What always surprised me the most about this stuff was the lack of IP-maximalist content houses failing to go batshit crazy over the use of their copyrighted and trademarked characters and stuff.

I mean, they’ll send someone after a guy in a Spiderman outfit at a birthday party.

This comment has been flagged by the community. Click here to show it.

ECA (profile) says:

Re: Re:

"A common carrier offers its services to the general public under license or authority provided by a regulatory body, which has usually been granted "ministerial authority" by the legislation that created it."

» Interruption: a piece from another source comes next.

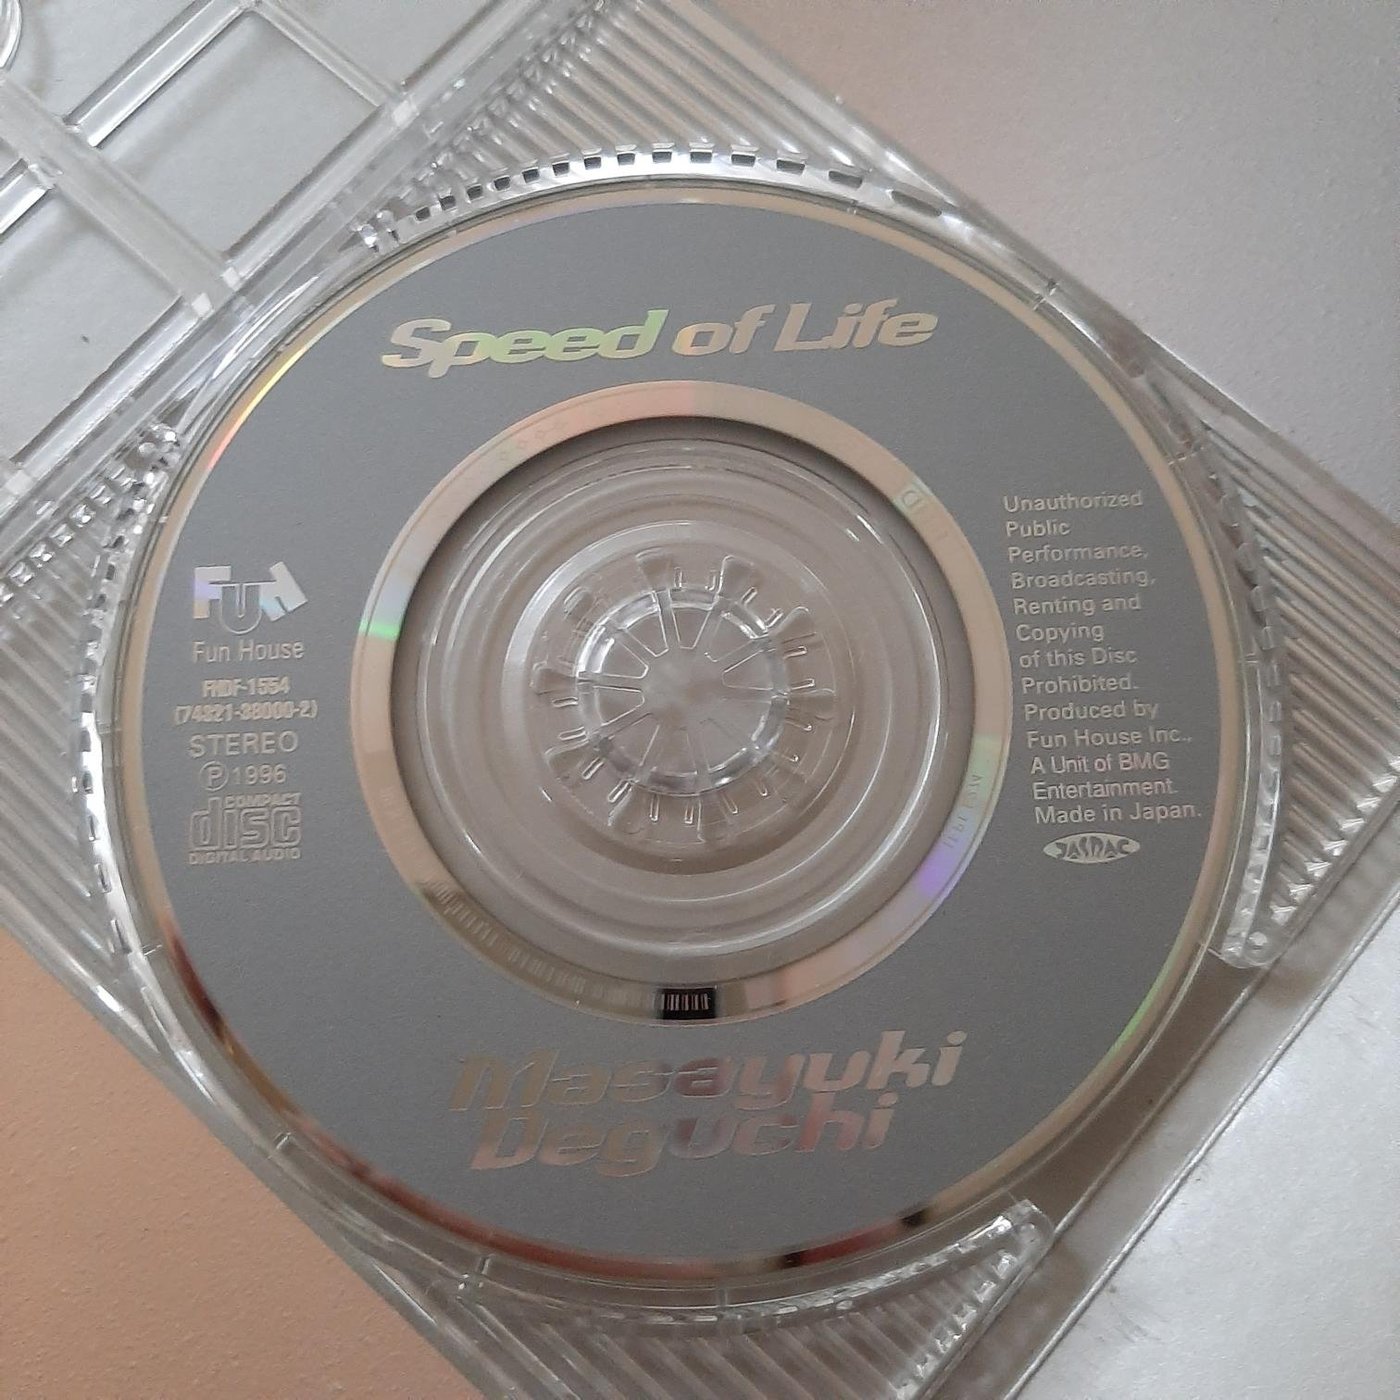 【裊裊影音】出口雅之Masayuki Deguchi-Speed Of Life日版8cm單曲 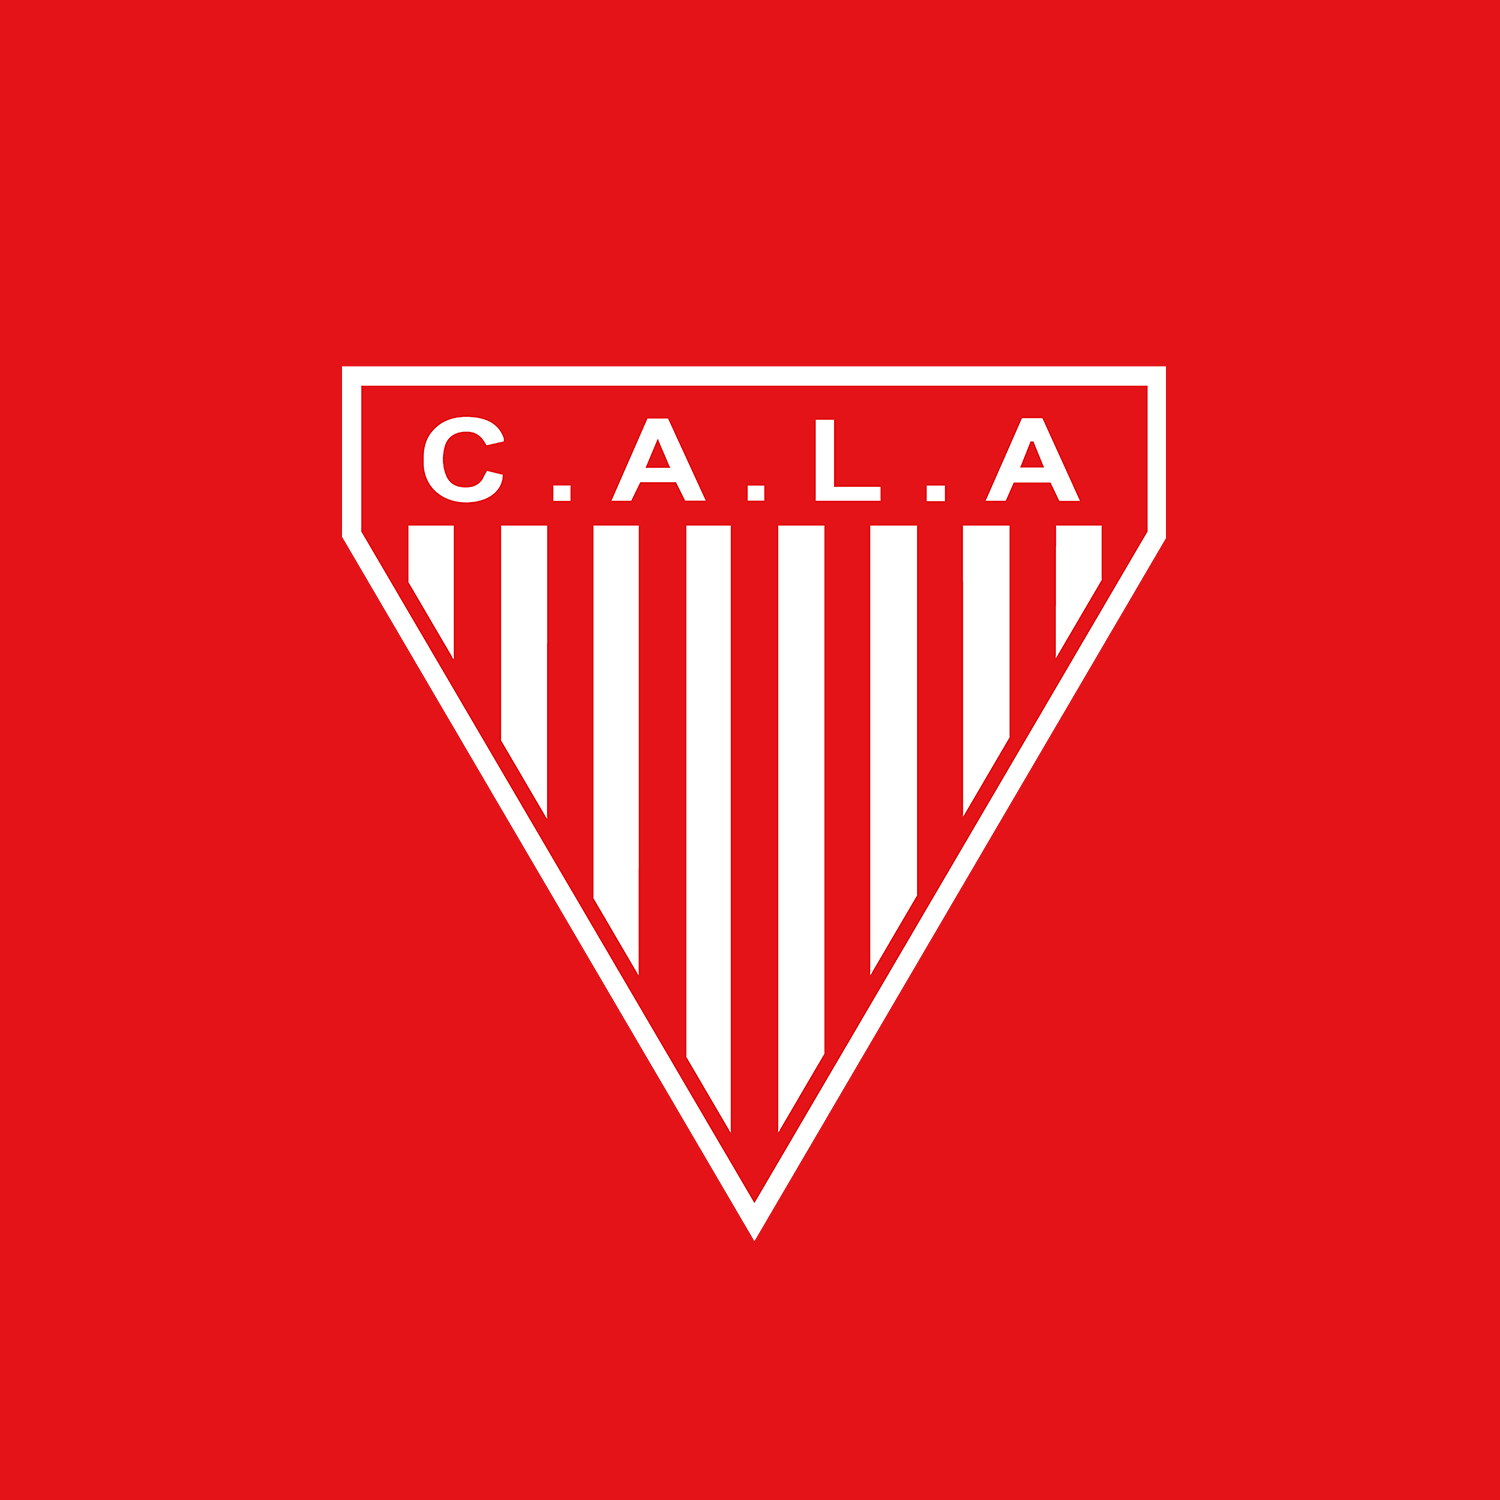 Club Atlético Los Andes

What international license is there?
Every nation has its rules, and being able to deal with all of them and require them of Every person on the net??
You wouldnt have an internet.
YOU would have no rights, into another nation using the internet. Build the same walls we have as nations?

anon says:

Are there no parents left?

When I was a kid I watched Rocky and Bullwinkle, where they’d blow up Boris and Natasha on a regular basis. I also watched the coyote fall of cliffs every day. I also watched Mutual of Ohama’s Wild Kingdom and I swear I’ve seen every type of carnivore eat everything with blood and guts everywhere. The best nature photo I’ve seen recently was of a leopard with its head covered in blood after removing it from the guts of its prey.

Did it turn me into a serial killer? No.
Did it turn me into a recluse, scared of everything? No.
Did it desensitize me to violence? No.

Maybe I was just raised properly.

cattress (profile) says:

Re: Are there no parents left?

Being "raised properly" is a pretty loaded statement.
I’m 40, so I grew up everything from My little Ponies, Looney Tunes, TMNT, Ren & Stimpy, and Beevis & Butthead in my tweens. My home was mostly stable, but even if it wasn’t I doubt cartoons would have been a factor in how I turned out.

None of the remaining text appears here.